Gold prices exhibited stability on the Multi Commodity Exchange (MCX) as they opened at Rs 65,932 per 10 grams on Tuesday, touching an intraday low of Rs 65,932. In the international market, the prices hovered around $2,179.08 per troy ounce. Simultaneously, silver commenced trading at Rs 74,459 per kg, reaching an intraday low of Rs 74,459 on the MCX, with the international market reflecting a price around $24.44 per troy ounce.
Manav Modi, Analyst at MOFSL, highlighted that gold prices steadied just below record highs, with the focus shifting towards upcoming U.S. inflation data. This data is anticipated to provide further cues on the Federal Reserve’s potential initiation of interest rate cuts. The recent surge in gold prices was driven by weak U.S. economic data, expectations of rate cuts, a decline in the dollar index and U.S. yields, coupled with increased speculative net long positions.
Modi also mentioned that hawkish comments from Fed officials have restrained gains on the higher side. Despite middling labor market data indicating a cooling in U.S. employment, bullion prices experienced positive momentum. The upcoming U.S. inflation data is closely monitored after signals from Fed officials, including Chairman Powell, emphasized concerns about sticky inflation as a significant factor influencing lower interest rates.
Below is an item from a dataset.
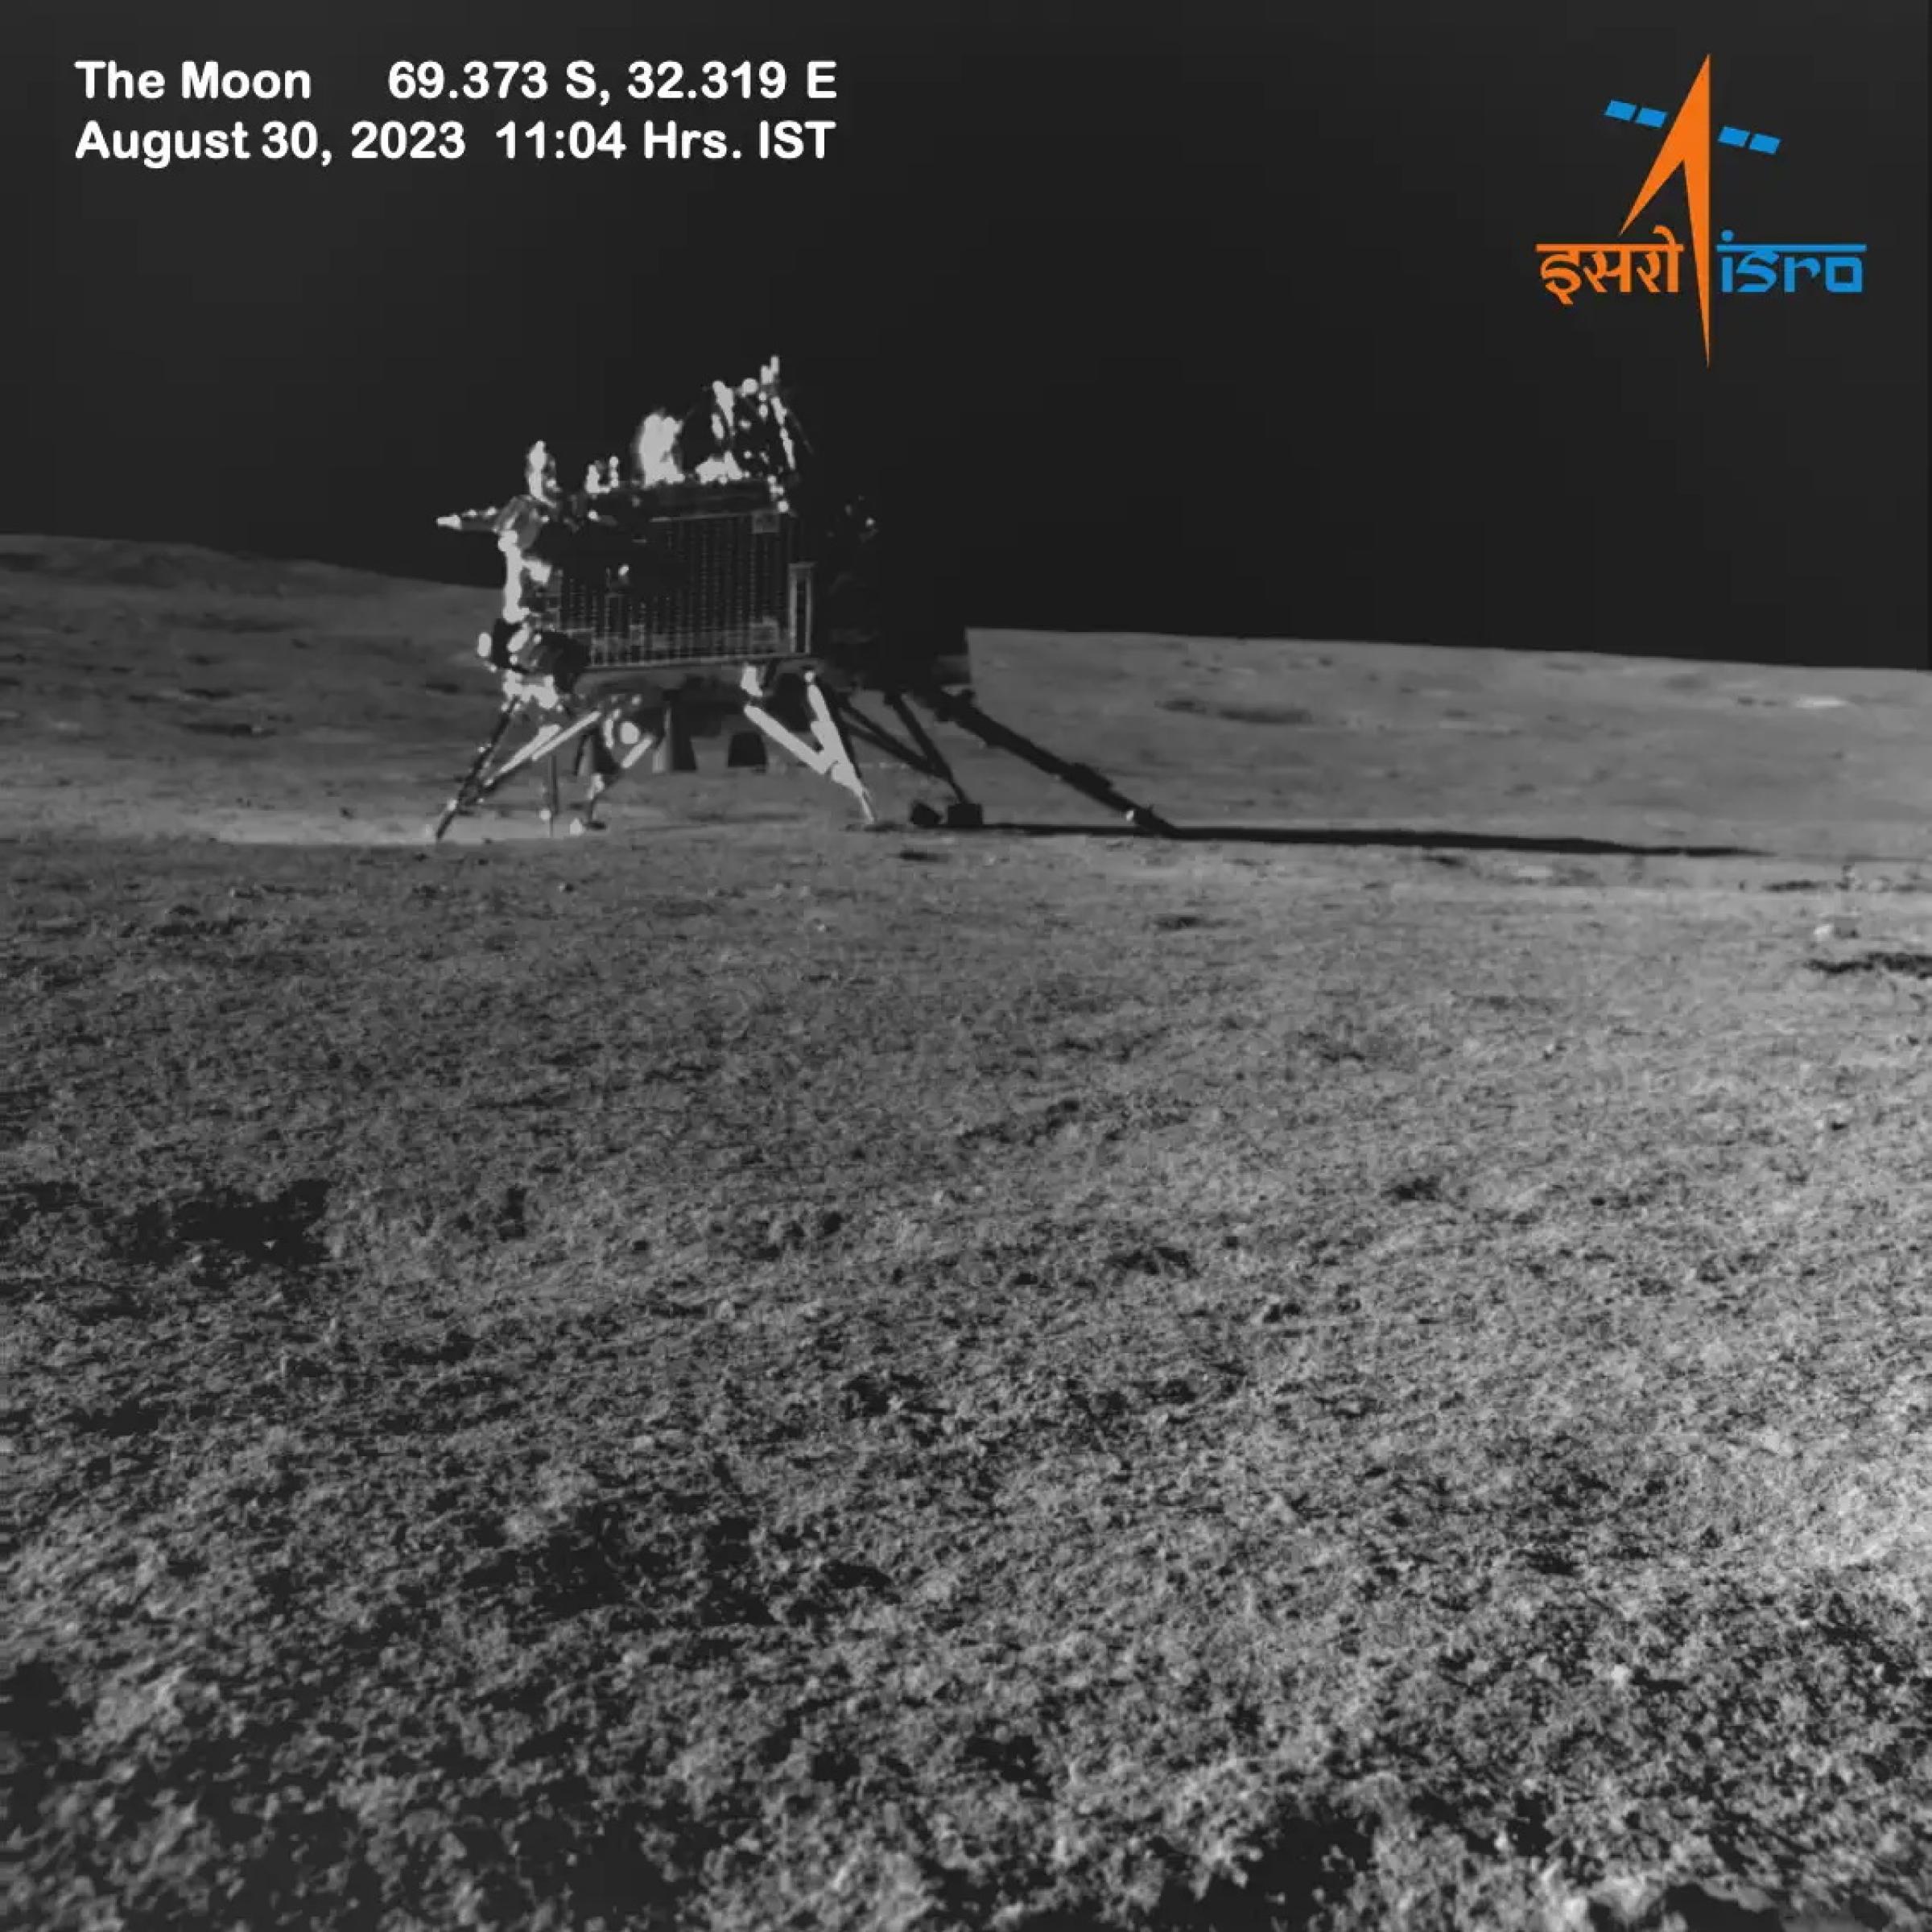 Das Schwarzweißbild zeigt die Landeeinheit der indischen Mondmission Chandrayaan-3 auf der Mondoberfläche, fotografiert von dem mitgeführten Rover.

Analysts expect the inflation data for February to reveal a moderation in inflation, although remaining well above the Fed’s 2% annual target. Investors are particularly interested in this data as it could influence gold prices. Gold prices posted their best weekly gain of 4% last week, reaching a record high of Rs 66,300 in the domestic market. Investors are likely to closely follow the CPI data, and any hotter-than-expected inflation figures may trigger a correction in gold prices.
Ravindra Rao, Head of Commodity Research at Kotak Securities, noted that COMEX Gold prices rose for the eighth consecutive day due to signs of a slowdown in the U.S. economy, increasing the likelihood of a Fed pivot. This development has weighed down on the dollar index and treasury yields. Bloomberg forecasts suggest that U.S. CPI is expected to rise 0.4% month-on-month (3.1% year-on-year) in February, with core CPI expected to rise 0.3% month-on-month (3.7% year-on-year). A continued disinflationary trend might amplify rate cut expectations, positively impacting gold prices.